Also, I'd imagine that typing on a touchscreen tablet PC is considerably more
cumbersome than on an iPhone, since you'd only have one hand available.

------
ErrantX
_It would behoove the New York Times, for example, to build something like the
CrunchPad for consumption of the newspaper. They won’t do it because it is
seemingly off-mission._

Umm, I seem to recall seeing a really interesting video a while back of a
blogger visiting the NYT's tech arm - and being shown their work on small
format devices and "digital paper". So I think he's dead off there.

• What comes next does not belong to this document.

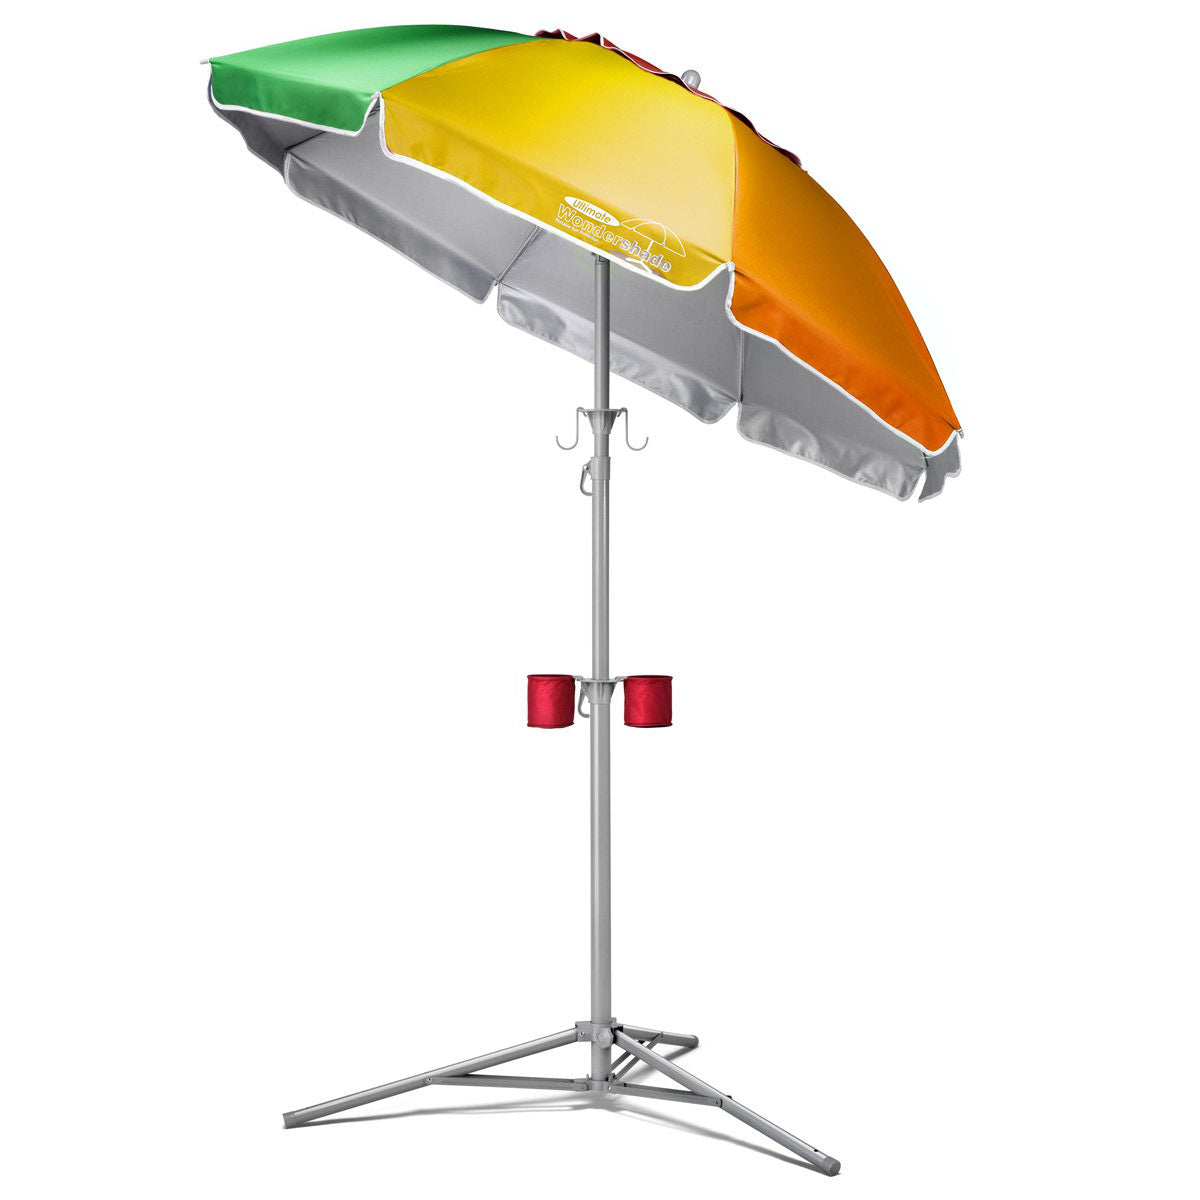 Shade　Umbrella　Ultimate　Rainbow　Wondershade,　Portable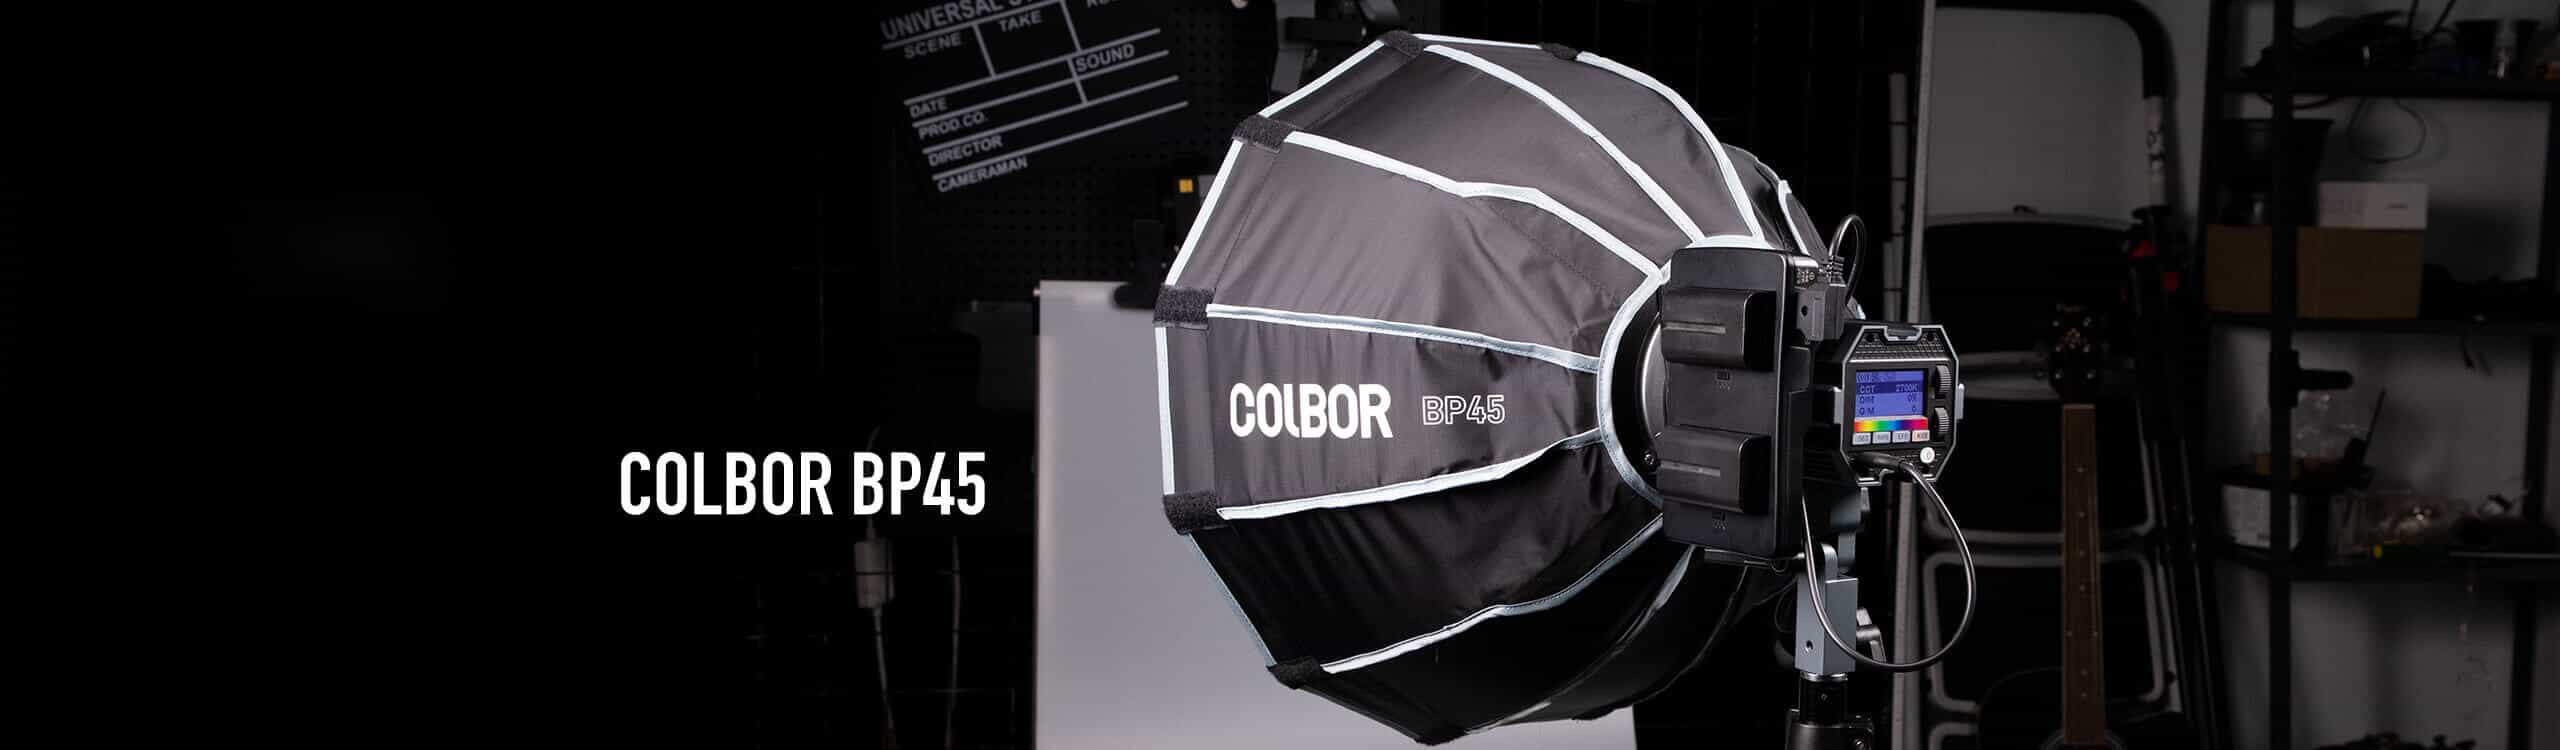 COLBOR BP45 45cm Parabolic Softbox

Anyway. It's kind of hard to write commentary like this - because so far there
is no real evidence that as advanced a device was ready to go at the (last)
price point mentioned. The Crunchpad is an exercise in poor marketing and poor
management. None of the initial promises ($200, open source design etc.) were
met in the end. There were months of silence about the device. Very few images
and demonstrations of ongoing work (apart from the same artfully posed
renderings).

To be utterly honest I frankly don't believe they had the product they say
they did at the stage they claimed.

Ultimately though whatever stage they were this product never made it from the
"TC office" to the shelves. It's _currently_ a complete failure from any
perspective.

------
EinhornIsFinkle
It would have mattered for a week, maybe two.

Then it would be one cool coaster. I could probably set 3 or 4 beers on the
thing.